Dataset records
------------------------

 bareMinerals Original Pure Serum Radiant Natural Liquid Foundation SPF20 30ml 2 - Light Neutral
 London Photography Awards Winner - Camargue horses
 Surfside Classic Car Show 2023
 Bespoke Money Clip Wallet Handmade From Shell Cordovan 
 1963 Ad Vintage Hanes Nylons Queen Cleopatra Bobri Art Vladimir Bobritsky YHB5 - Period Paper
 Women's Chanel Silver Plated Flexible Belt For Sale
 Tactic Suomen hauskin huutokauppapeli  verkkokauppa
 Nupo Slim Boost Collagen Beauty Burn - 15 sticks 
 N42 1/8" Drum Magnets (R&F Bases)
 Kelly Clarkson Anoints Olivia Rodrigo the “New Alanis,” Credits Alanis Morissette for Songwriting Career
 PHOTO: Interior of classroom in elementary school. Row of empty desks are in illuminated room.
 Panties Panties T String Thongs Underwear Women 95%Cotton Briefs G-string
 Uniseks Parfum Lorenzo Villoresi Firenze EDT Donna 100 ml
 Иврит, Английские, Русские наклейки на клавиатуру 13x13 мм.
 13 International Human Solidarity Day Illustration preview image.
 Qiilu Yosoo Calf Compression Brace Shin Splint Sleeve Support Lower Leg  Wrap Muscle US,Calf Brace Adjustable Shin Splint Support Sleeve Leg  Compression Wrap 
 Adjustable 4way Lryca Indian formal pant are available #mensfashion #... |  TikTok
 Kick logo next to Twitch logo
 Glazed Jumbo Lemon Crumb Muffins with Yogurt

------------------------

__What you are asked to do__.
The reply must consist solely of the lines from the one containing "Nupo Slim Boost" through the last line of the data, reproduced exactly.

__Result below__.
 Nupo Slim Boost Collagen Beauty Burn - 15 sticks 
 N42 1/8" Drum Magnets (R&F Bases)
 Kelly Clarkson Anoints Olivia Rodrigo the “New Alanis,” Credits Alanis Morissette for Songwriting Career
 PHOTO: Interior of classroom in elementary school. Row of empty desks are in illuminated room.
 Panties Panties T String Thongs Underwear Women 95%Cotton Briefs G-string
 Uniseks Parfum Lorenzo Villoresi Firenze EDT Donna 100 ml
 Иврит, Английские, Русские наклейки на клавиатуру 13x13 мм.
 13 International Human Solidarity Day Illustration preview image.
 Qiilu Yosoo Calf Compression Brace Shin Splint Sleeve Support Lower Leg  Wrap Muscle US,Calf Brace Adjustable Shin Splint Support Sleeve Leg  Compression Wrap 
 Adjustable 4way Lryca Indian formal pant are available #mensfashion #... |  TikTok
 Kick logo next to Twitch logo
 Glazed Jumbo Lemon Crumb Muffins with Yogurt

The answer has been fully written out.